Question

A taxi driver noted reading on the odometer fitted in the vehicle as 1052 km when he started the journey. After a 30 minutes drive, he noted that the odometer reading was 1088 km. What is the average speed of the taxi?
A. \[20\,m{s^{ - 1}}\]
B. \[25\,m{s^{ - 1}}\]
C. \[30\,m{s^{ - 1}}\]
D. \[40\,m{s^{ - 1}}\]

Answer 1

Hint: Use the formula for average velocity of the particle.
Convert the units of distance and time in S.I. unit.
\[{v_{avg}} = \dfrac{{{x_2} - {x_1}}}{{\Delta t}}\]
Here, \[{x_2}\] is the final position of the particle, \[{x_1}\] is the initial position of the particle and \[\Delta t\] is the time taken by the particle for the journey.

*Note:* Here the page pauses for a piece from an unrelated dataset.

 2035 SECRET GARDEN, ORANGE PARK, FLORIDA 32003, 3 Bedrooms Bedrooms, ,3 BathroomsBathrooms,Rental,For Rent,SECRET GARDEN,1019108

Complete step by step answer:
We know, the average speed of the taxi is,
\[{v_{avg}} = \dfrac{{{x_2} - {x_1}}}{{\Delta t}}\]
Here, \[{x_2}\] is the final position of the taxi, \[{x_1}\] is the initial position of the taxi and \[\Delta t\] is the time taken by the taxi for the journey.
Substitute 1088 km for \[{x_2}\], 1052 km for \[{x_1}\] and 30 min for \[\Delta t\] in the above equation.
\[{v_{avg}} = \dfrac{{1088\,km - 1052\,km}}{{\left( {30\,\min } \right)\left( {\dfrac{{60\,\operatorname{s} }}{{1\,\min }}} \right)}}\]
\[ \Rightarrow {v_{avg}} = \dfrac{{\left( {36\,km} \right)\left( {\dfrac{{1000\,m}}{{1\,km}}} \right)}}{{1800\,\operatorname{s} }}\]
\[ \Rightarrow {v_{avg}} = \dfrac{{36000\,m}}{{1800\,\operatorname{s} }}\]
\[\therefore {v_{avg}} = 20\,m{s^{ - 1}}\]

So, the correct answer is “Option A”.

Additional Information:
The difference between average velocity and instantaneous velocity of the body is the instantaneous velocity is the speed of particle at certain instant of time and the average velocity is the average of velocity in the whole journey of the particle.

Note:
In the given question, the unit of displacement is given in kilometers and the unit of time is given in minutes.
Therefore, convert all the units in S.I. units.